Danke. Ich werde mir beides mal ansehen


----------



## Noctarius (22. Okt 2010)

Ansonsten poste mal einen Ausschnitt aus dem XML, dann kann man helfen


----------



## marcel01 (22. Okt 2010)

Ich habe jetzt mit dem XPathReader angefangen. Es geht darum, einen Bot im IRC bei neuem RSS-Beitrag einen Hinweis posten zu lassen. Wie mach ich das am besten? Den Reader habe ich fertig (copy&paste :bae: ), wie kann ich jetzt auf neue Überprüfen?

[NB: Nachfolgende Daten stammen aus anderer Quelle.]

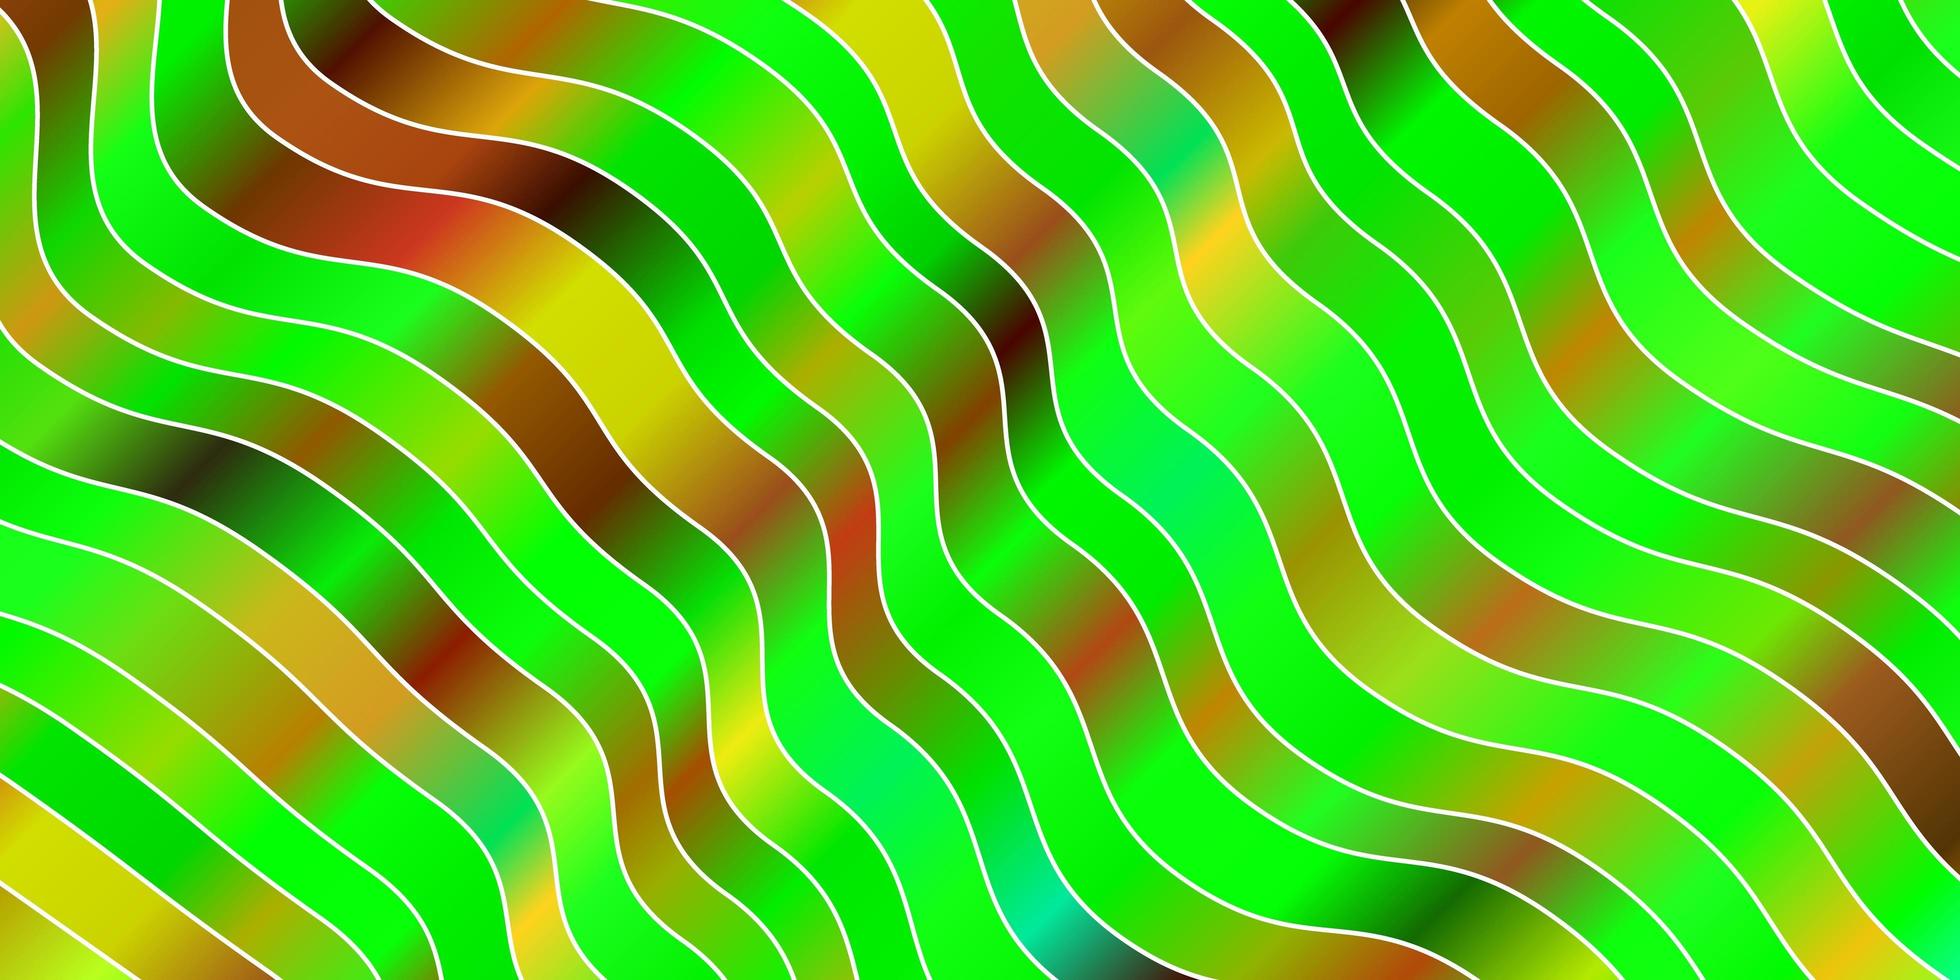 sfondo vettoriale multicolore scuro con linee piegate.

Danke


----------



## Noctarius (22. Okt 2010)

Regelmäßiges Polling


----------



## marcel01 (22. Okt 2010)

z.B.?


----------



## Noctarius (22. Okt 2010)

was z.B.?


----------



## marcel01 (22. Okt 2010)

Sorry, ich meinte: Wie könnte man das z.B. umsetzen?


----------



## Noctarius (22. Okt 2010)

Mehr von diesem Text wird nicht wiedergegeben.